Can you elaborate it a bit on this? In particular:
- Are you finally on the Pocket Bone HW w/the AGC mic?
- Assuming yes to above, you you confirmed (probally with audacity) that there
is sufficient clean signal recorded to even try recognizing? Thinking something
along the lines of:
    - Do a recording with the same parameters as you are using in the code.
Make sure it is the same mixer settings, word size (8, 16, 32, etc),
stereo/mono, and rate. I think by default Pocket Sphinx wants 16KHz sample
rate, mono and 16 bit but that can be changed.
    - Load it into something like audacity and see if the signal is either too
low, clipping, or otherwise distorted.
- What is it returning for those letters giving your dictionary? Nothing or?

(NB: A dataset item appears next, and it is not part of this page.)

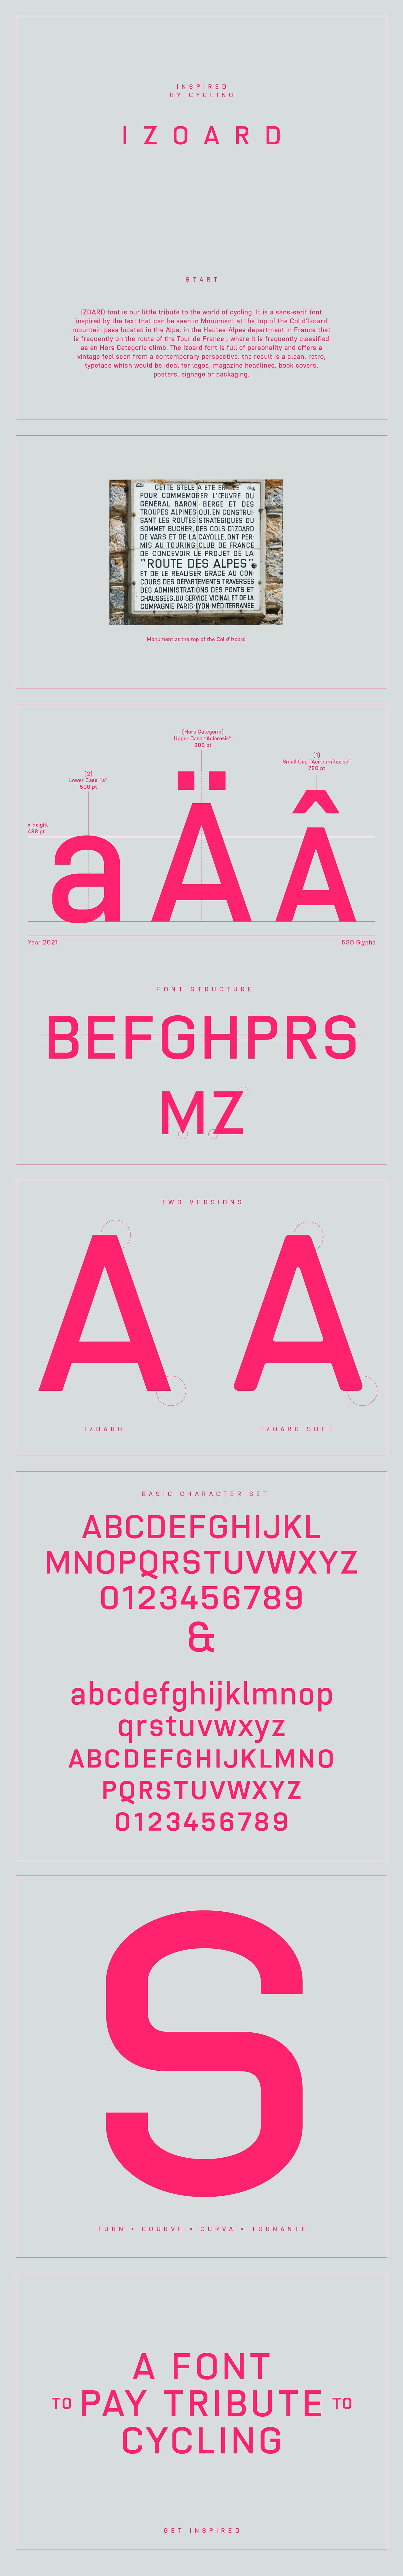 Cycling font sans serif Display poster vintage
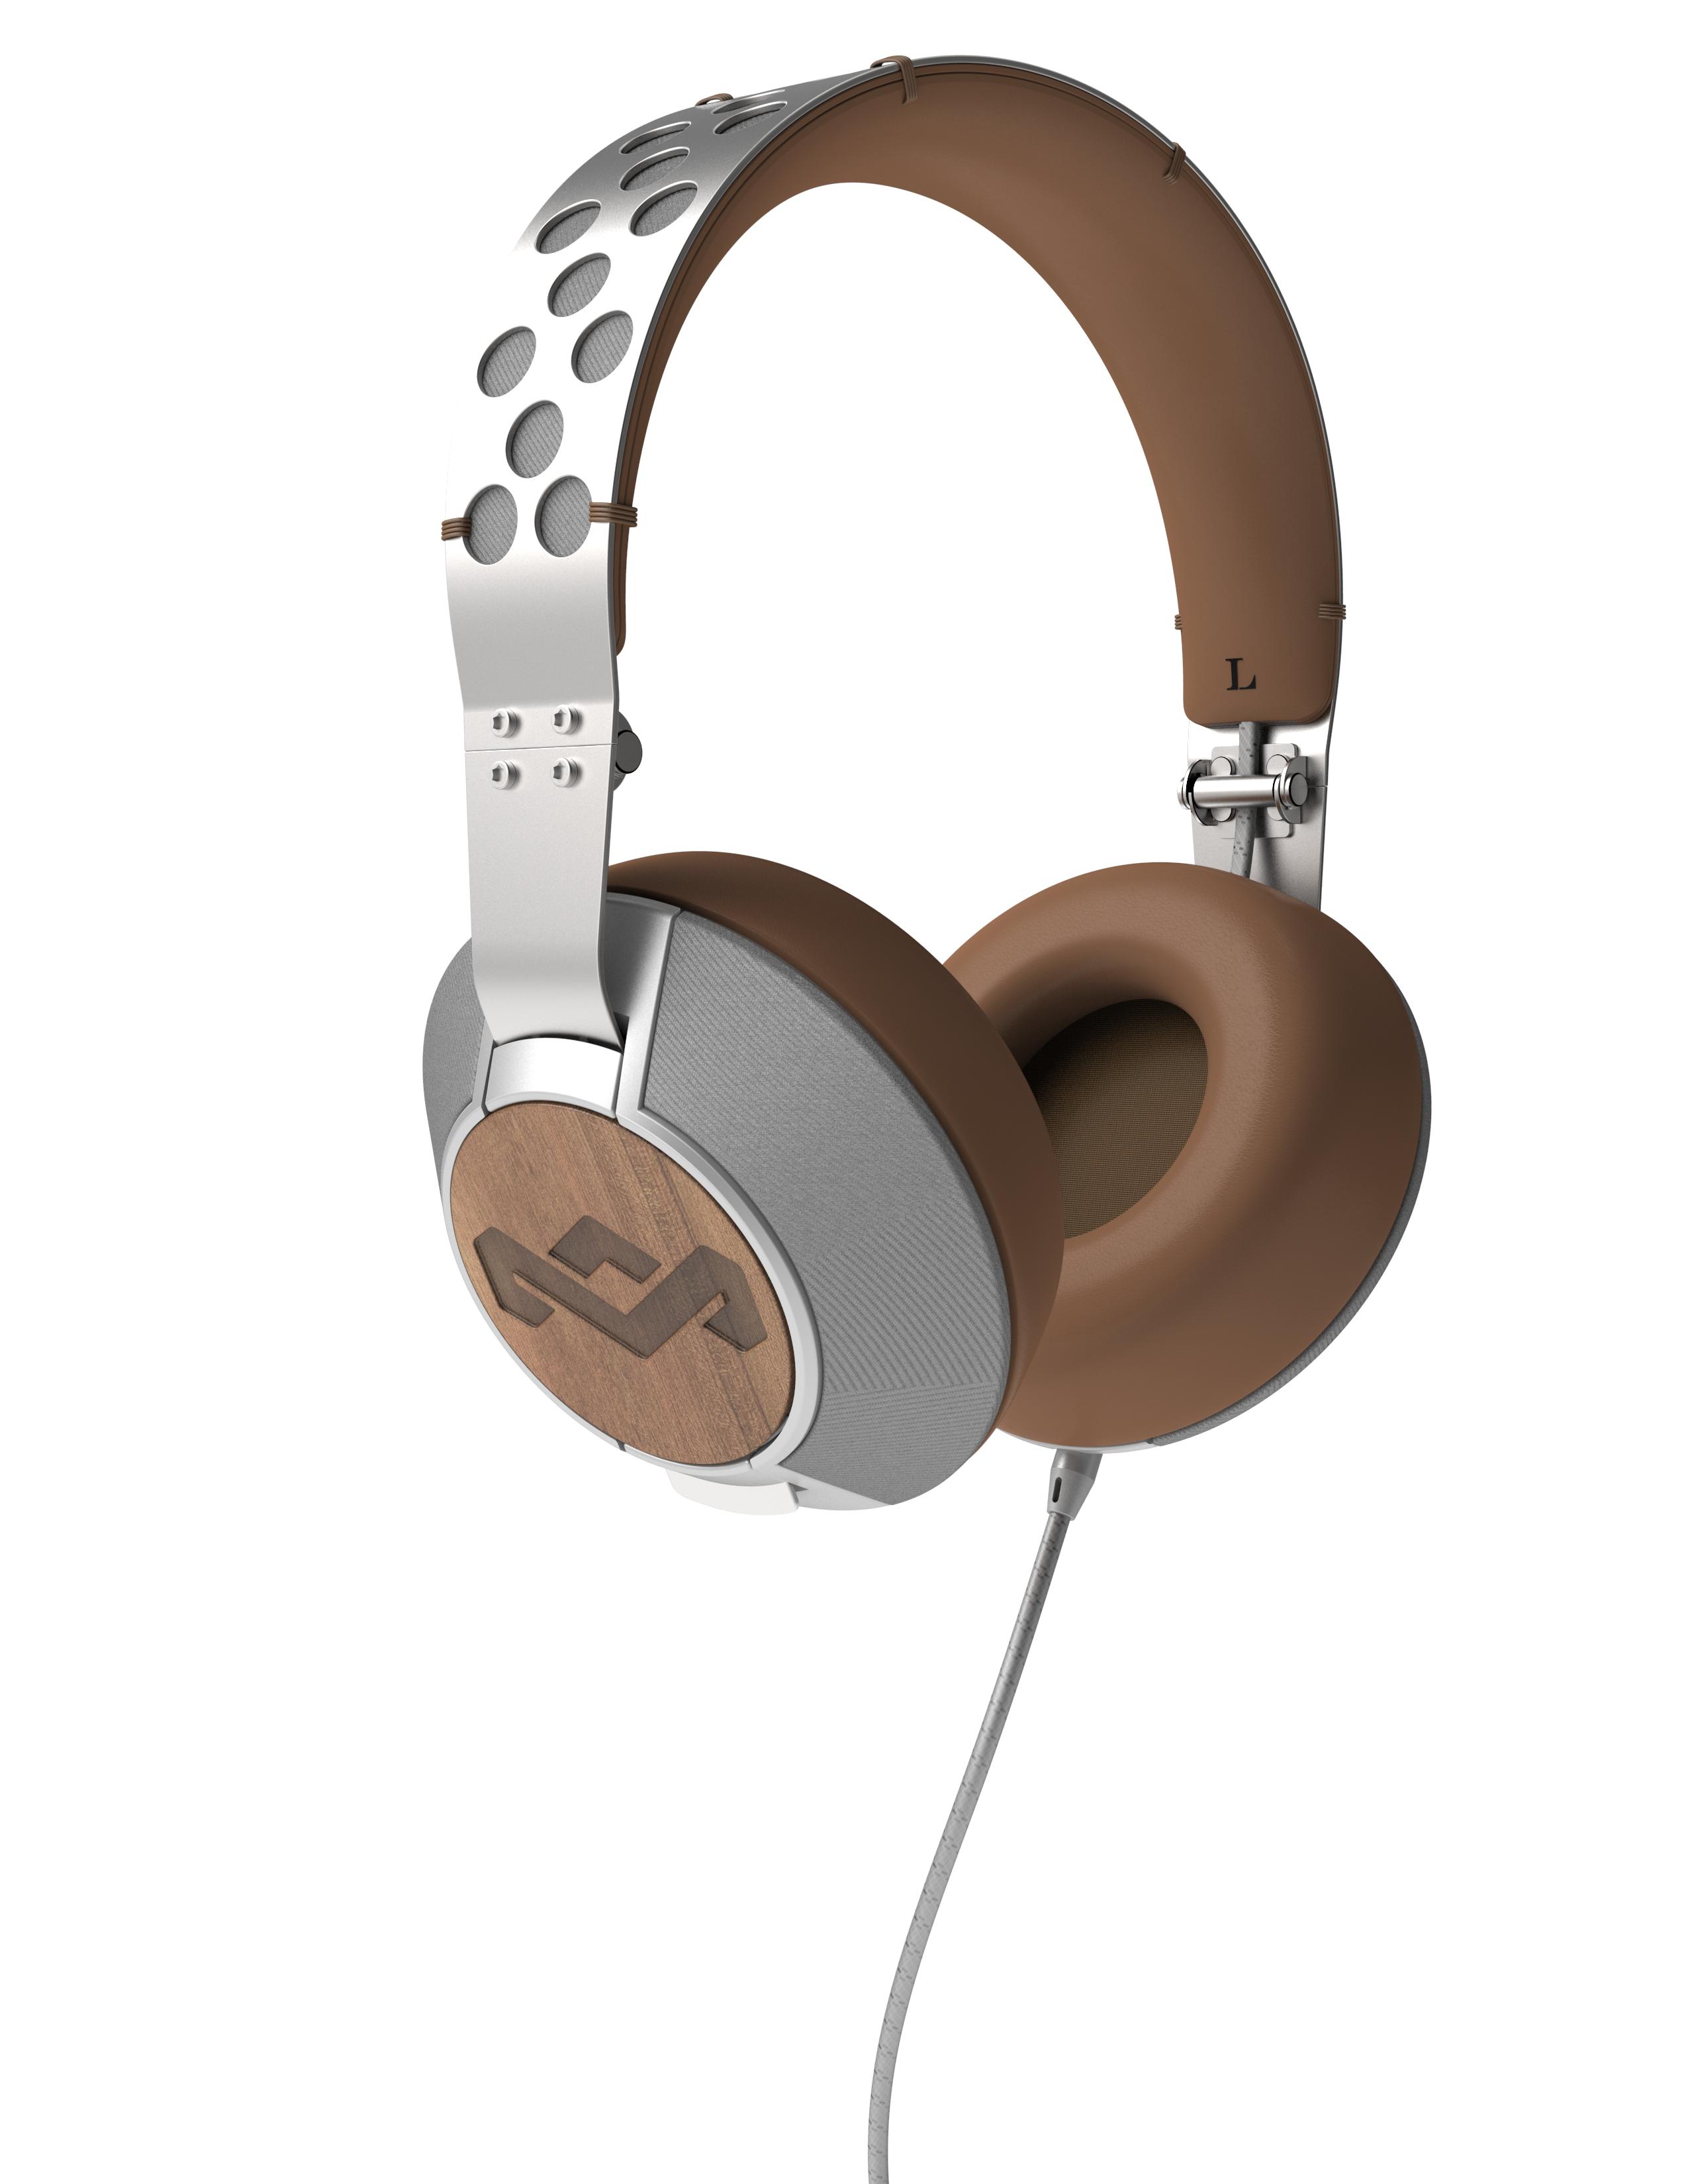 Pilcrow Marley Headphones

- Try adding "Ex" for X and "Why" for Y and "Zee"/"Zed" to the dictionary and
see if those report hits. A work around might to map those to the letters on
the SW side if you are in a context to read letters.

- Related to above, what are you using for 'Z'? That is, are you using 'Zzzzz'
(like the sound of snoring) or 'Zed'? In otherwords, is it a British or US Z.

Any other detail of your setup that you think may be relevant?